Task directions: Word for word, reproduce the listing that follows, excluding any pictures it contains.

:: The data ::

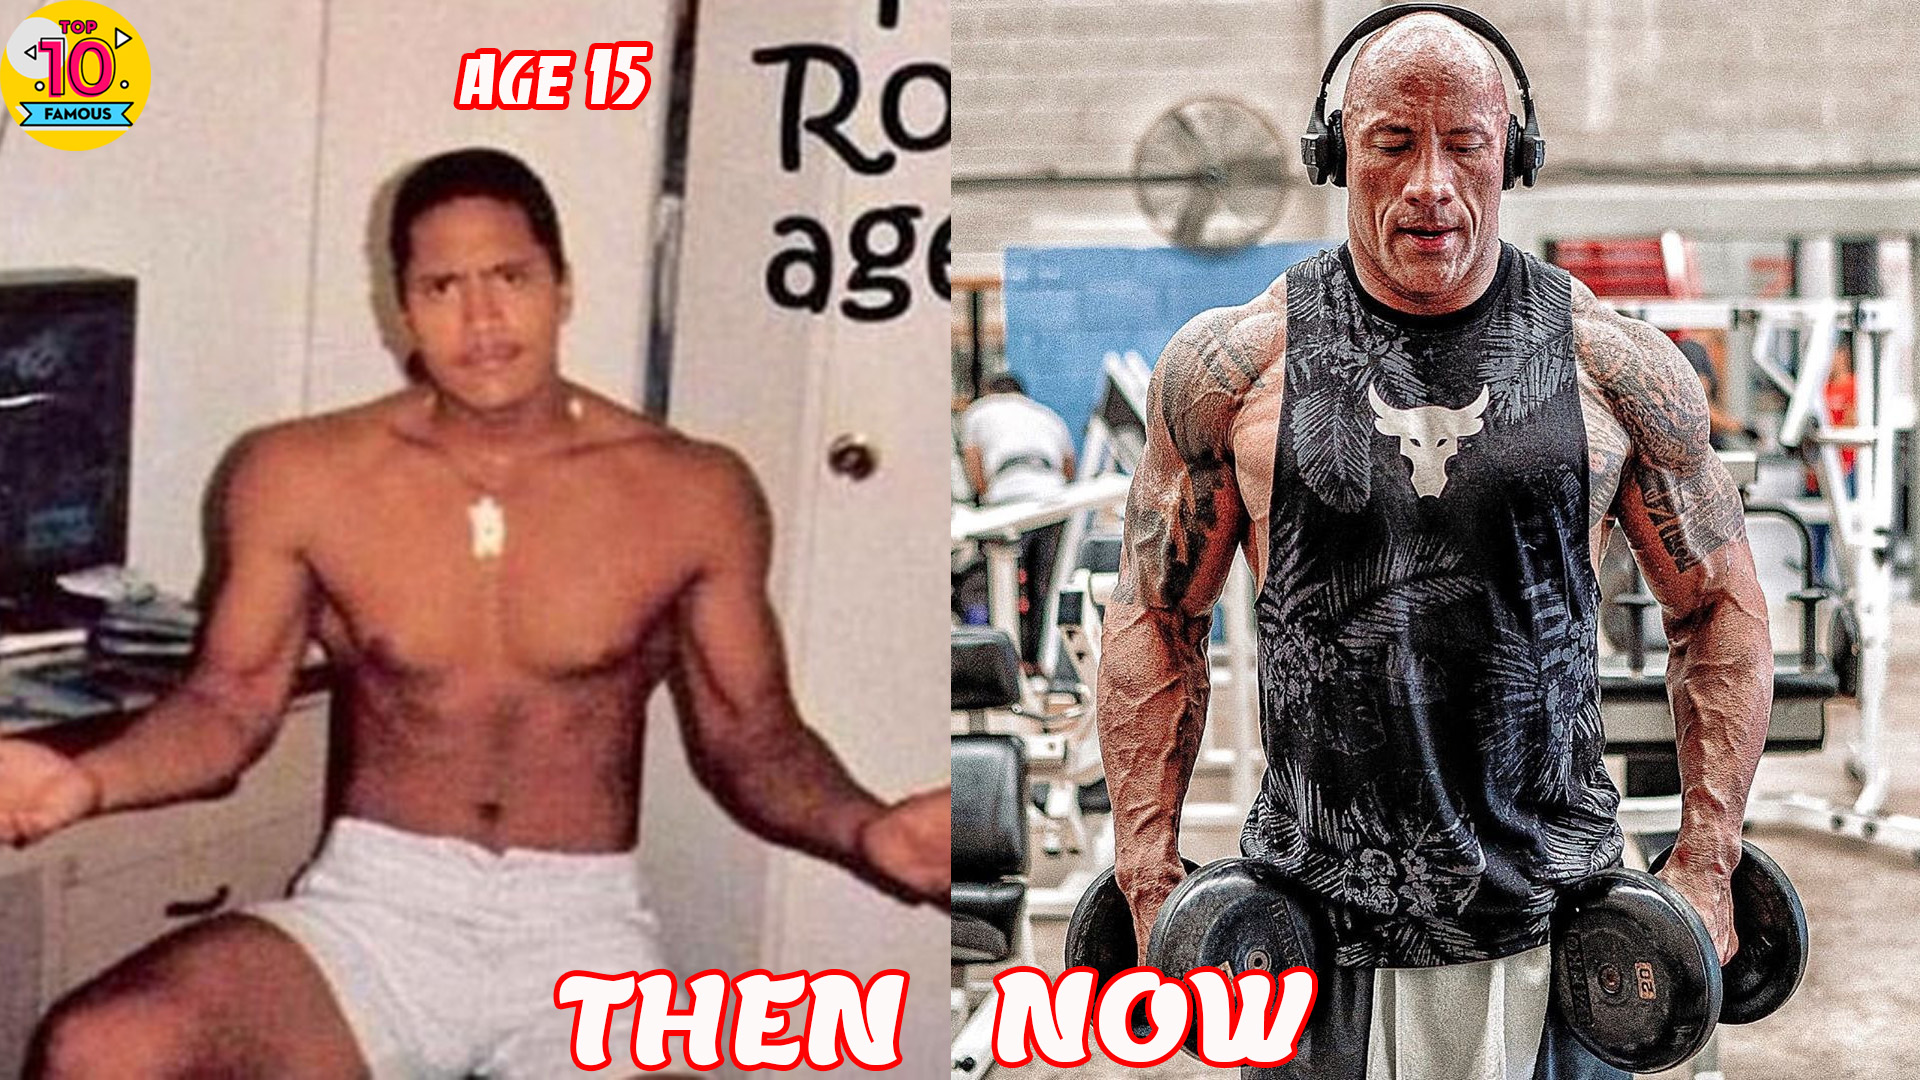 Dwayne Johnson - The Rock then and now - Lifestyle
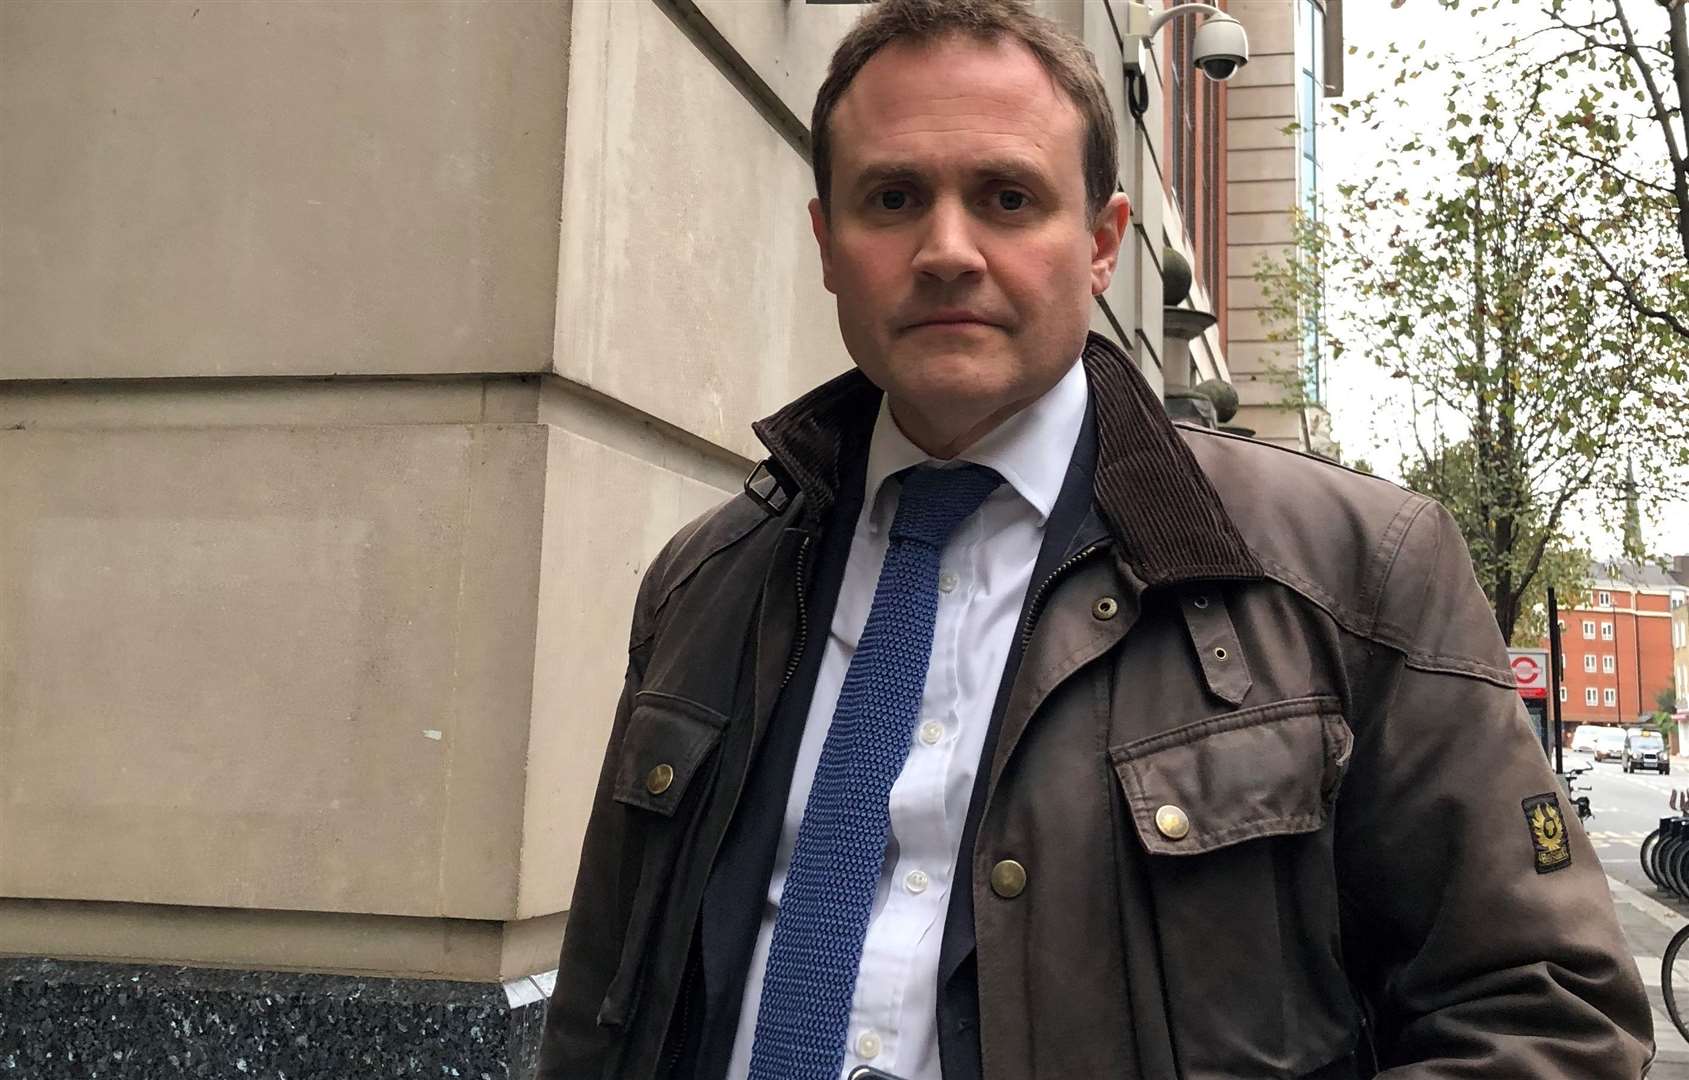 Tonbridge and Malling MP Tom Tugendhat says he is likely to stand if there is a leadership election
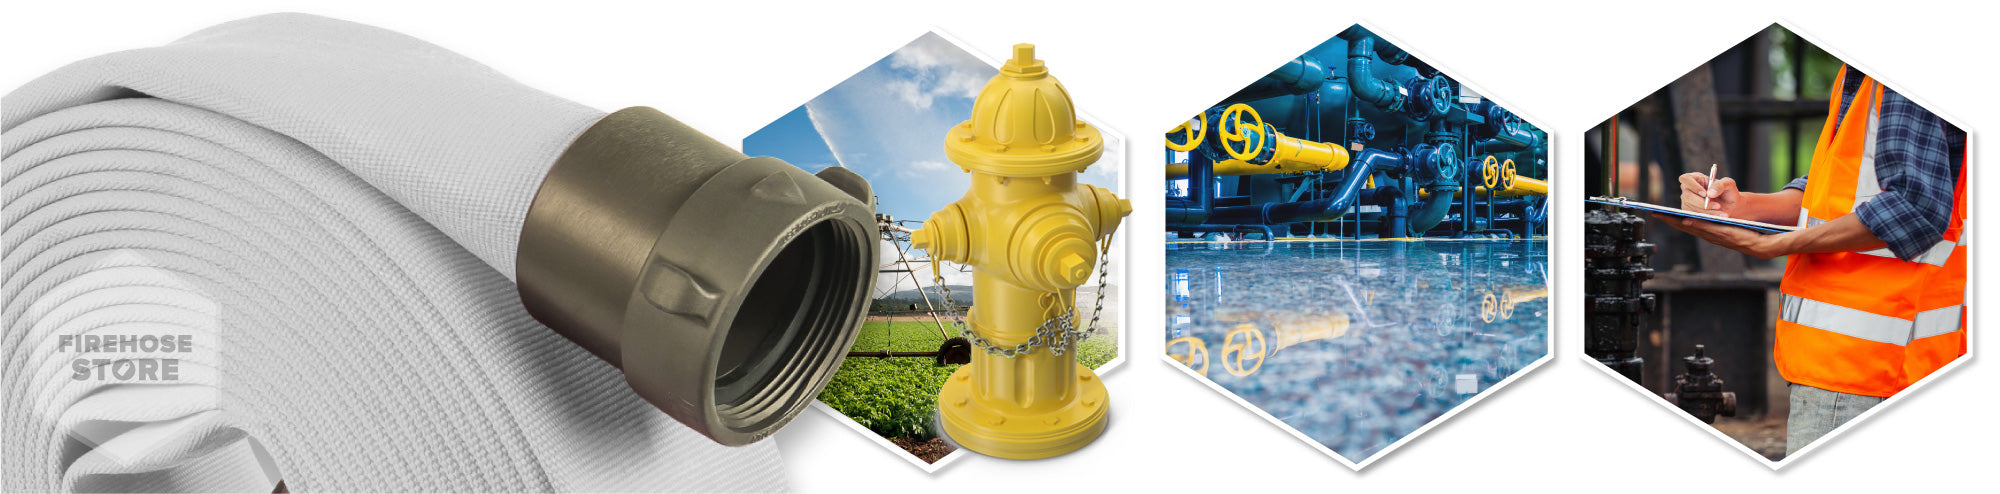 1-1-2 Inch x 25 Feet Fire Hydrant Hose Graphic Overview

:::

Reply to the task:
 Dwayne Johnson - The Rock then and now - Lifestyle
 Tonbridge and Malling MP Tom Tugendhat says he is likely to stand if there is a leadership election
 1-1-2 Inch x 25 Feet Fire Hydrant Hose Graphic Overview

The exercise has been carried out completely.